Branch and bound is a general solution strategy for any kind of discrete problem, not only for graph-based problems. It is first of all based on a branching rule, and if the branching rule is a good one it also has a bounding rule.

- The
**branching rule**is basically a rule that tells you what to change from a certain situation you have reached in order to get a new situation. After some branching, situation to situation, maybe you reach a situation that is also a solution to the problem. A necessary property of the branching rule is that you can prove that branching eventually stops (and maybe restarts somewhere else from another situation, and on and on, but eventually really stops). Another necessary property of the branching rule is that you can prove that*if you branch everything then*somewhere in your branchings you will have reached every possible situation. This is to ensure that whatever the optimal solution is, your branching rule is capable of bringing you there. - The
**bounding rule**is a different thing, and evolves from what the branching rule allows. What do I mean? Sometimes your branching rule has the special property that going from a certain situation, say S, to a branching of S, say b(S), the "value" of b(S) is always less than the "value" of S. By this I mean that you can prove in general that branching always makes your situation worse. If this happens then you can start bounding things.

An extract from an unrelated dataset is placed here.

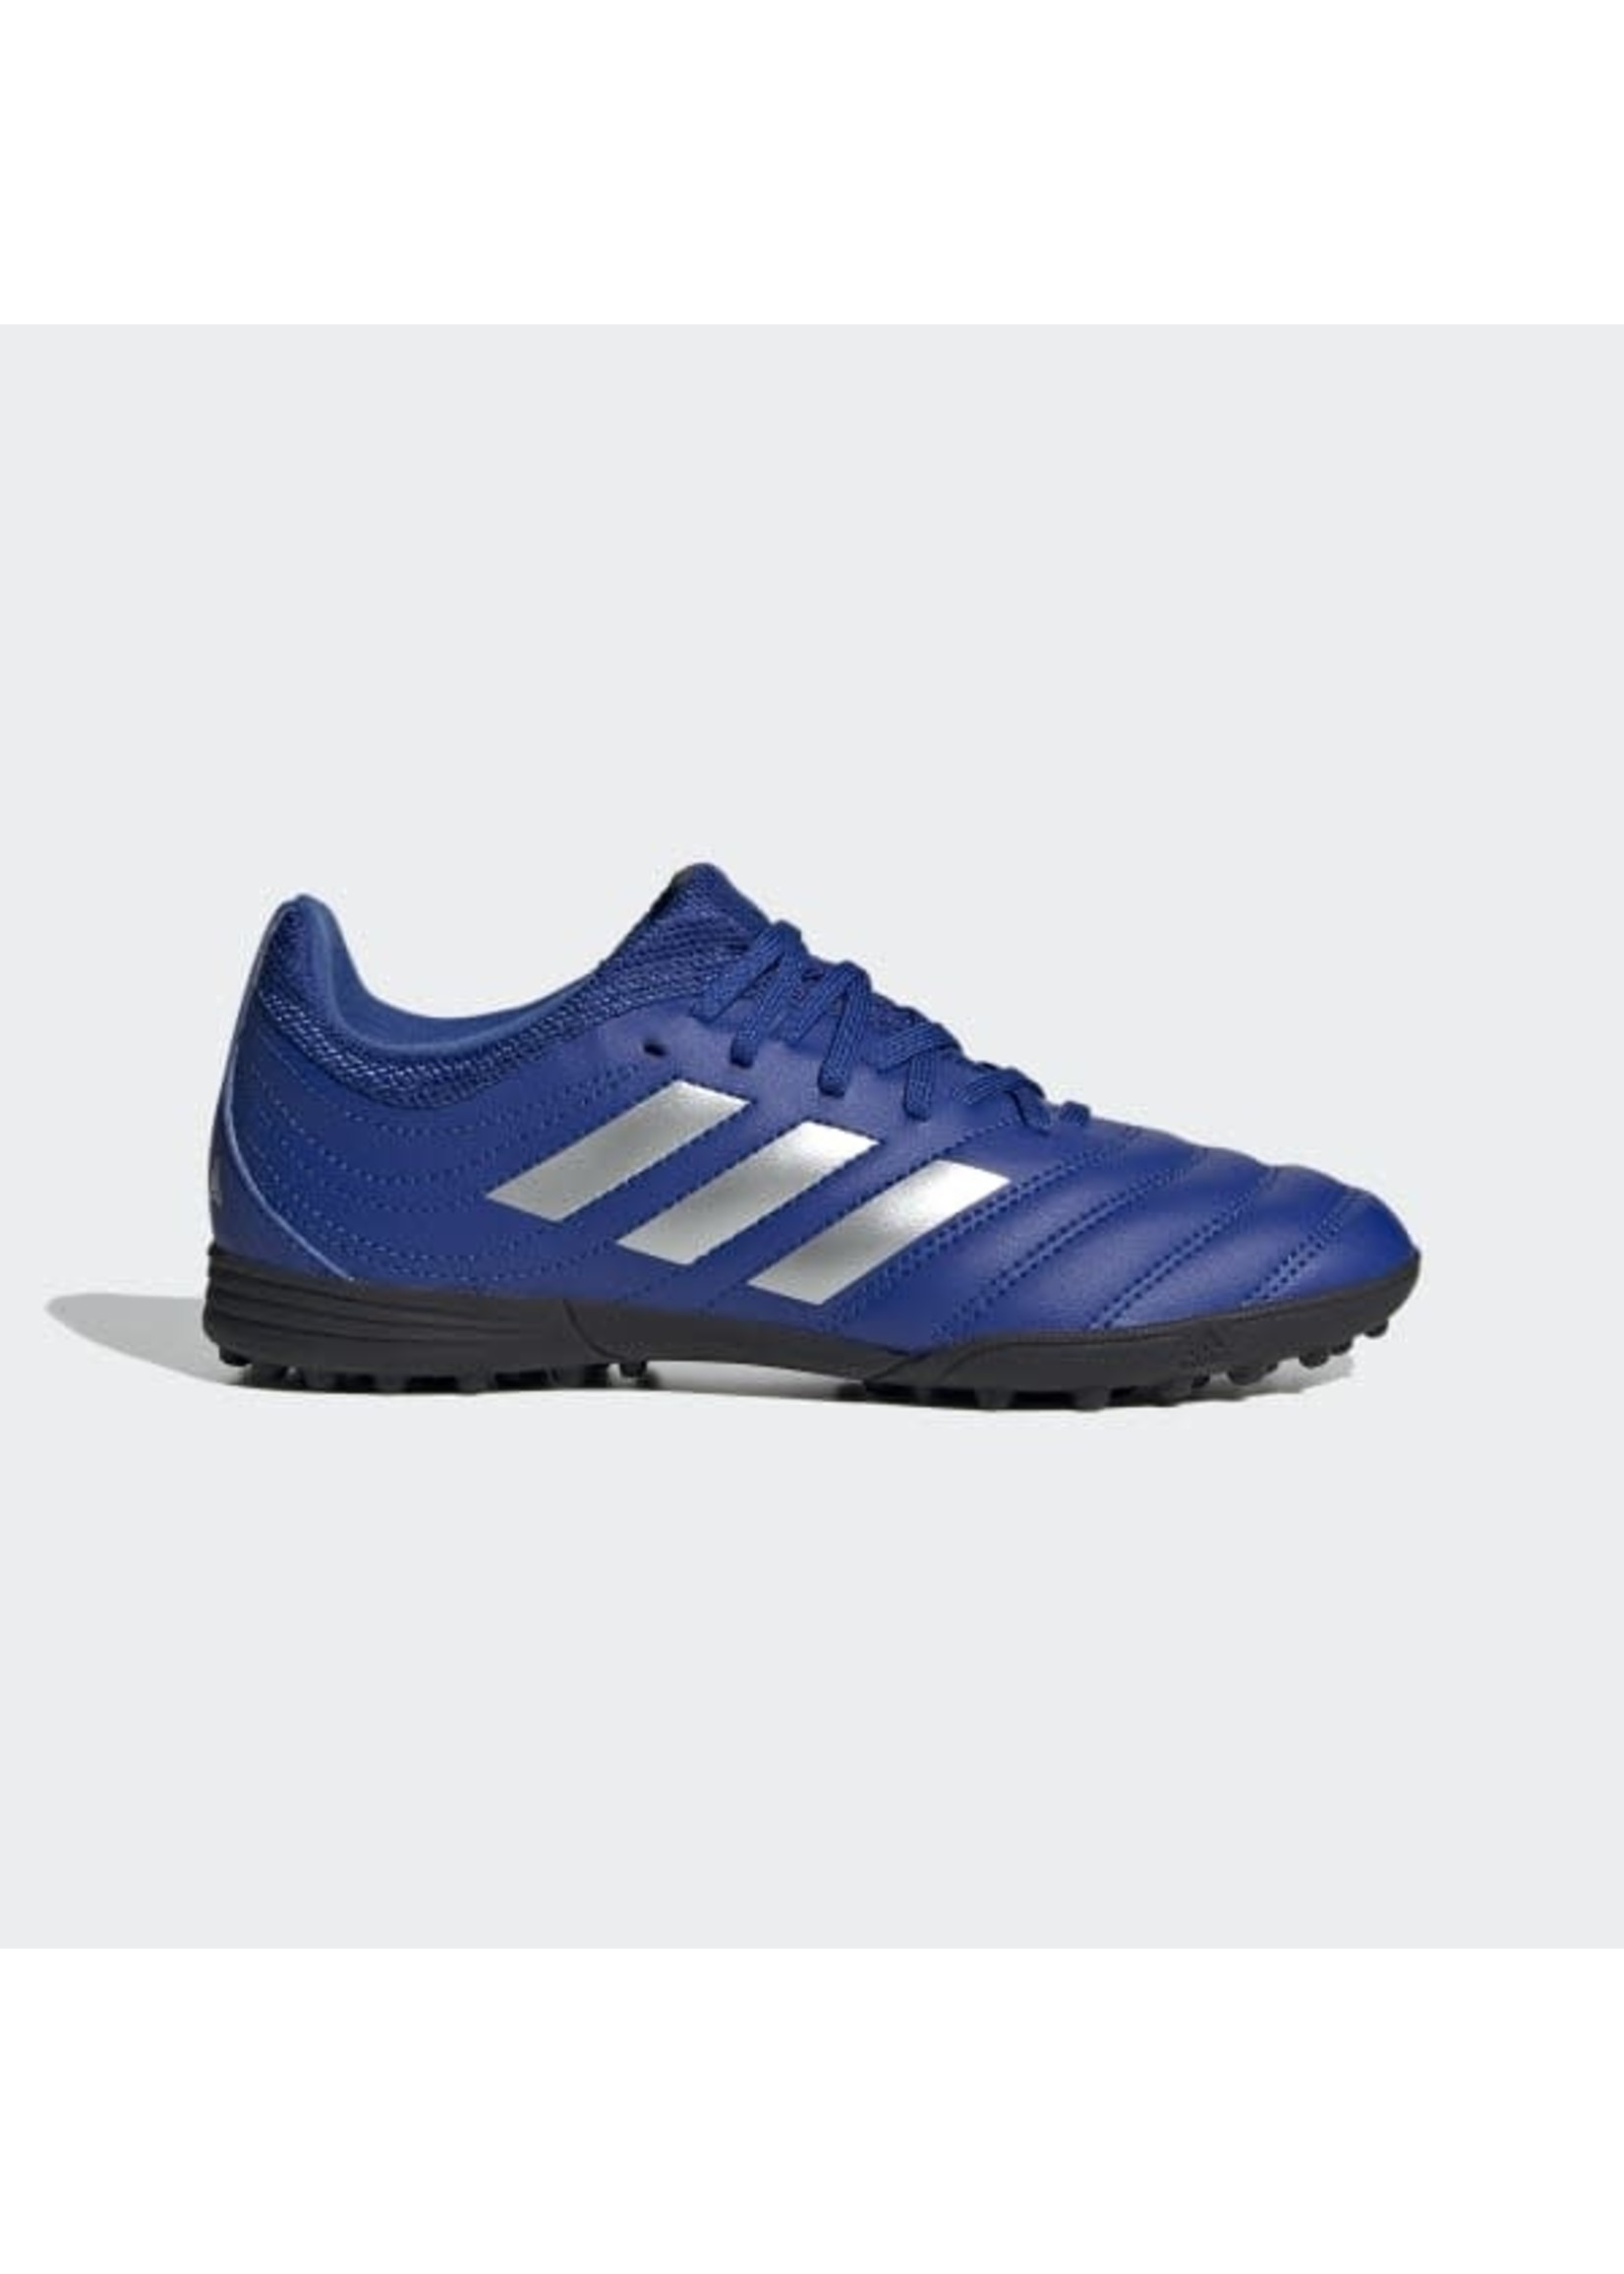 Adidas Copa 20.3 TF Jr EH0915

How does the whole thing happen? Well, you start from some situation, and branch branch branch, until you find a situation that is a solution to the problem. You record the "value" of this solution and call it COV (current optimal value). You stop branching from this solution, because you have proved that branching only makes the "value" worse. You go now to some other situation you haven't fully branched down from, and branch branch branch while checking the values of the situations you find. Every time you reach a value that is worse than COV, you stop branching there, and start branching somewhere you haven't yet. If instead you find a situation that is also a solution, and its value is better than COV, then this becomes your new optimal candidate and you change COV to this new value.

This strategy is the main strategy solvers use to do anything, together with of course smart heuristics and very refined ingredients. The base of it all is this, though.

I had one course in which we used a solver for this kind of approach. It was a very interesting experience, but I often found it a bit annoying that most problems we did were done by "easy" modelling and then relying on the cleverness of the solver.

I see! Modelling can seem easy at first, but it's definitely not so trivial after the initial examples.

There are many problems for which several equivalent algebraic models are known, but only few of these models are fast enough for a solver to actually manage to solve things.

Moreover there sometimes are problems that it is better to describe incompletely on purpose, and only perfect the description after some solving has already happened.

Then there are problems for which changing basis of the space (if you do not know what a basis is, you can imagine it as just the "alphabet" with which you write vectors in a vector space) also changes the solving time by LOTS.

Many things can happen by modelling things correctly (and incorrectly), and it's fun to study modelling in depth, or even specific models, as many semplifications and heuristics often arise there.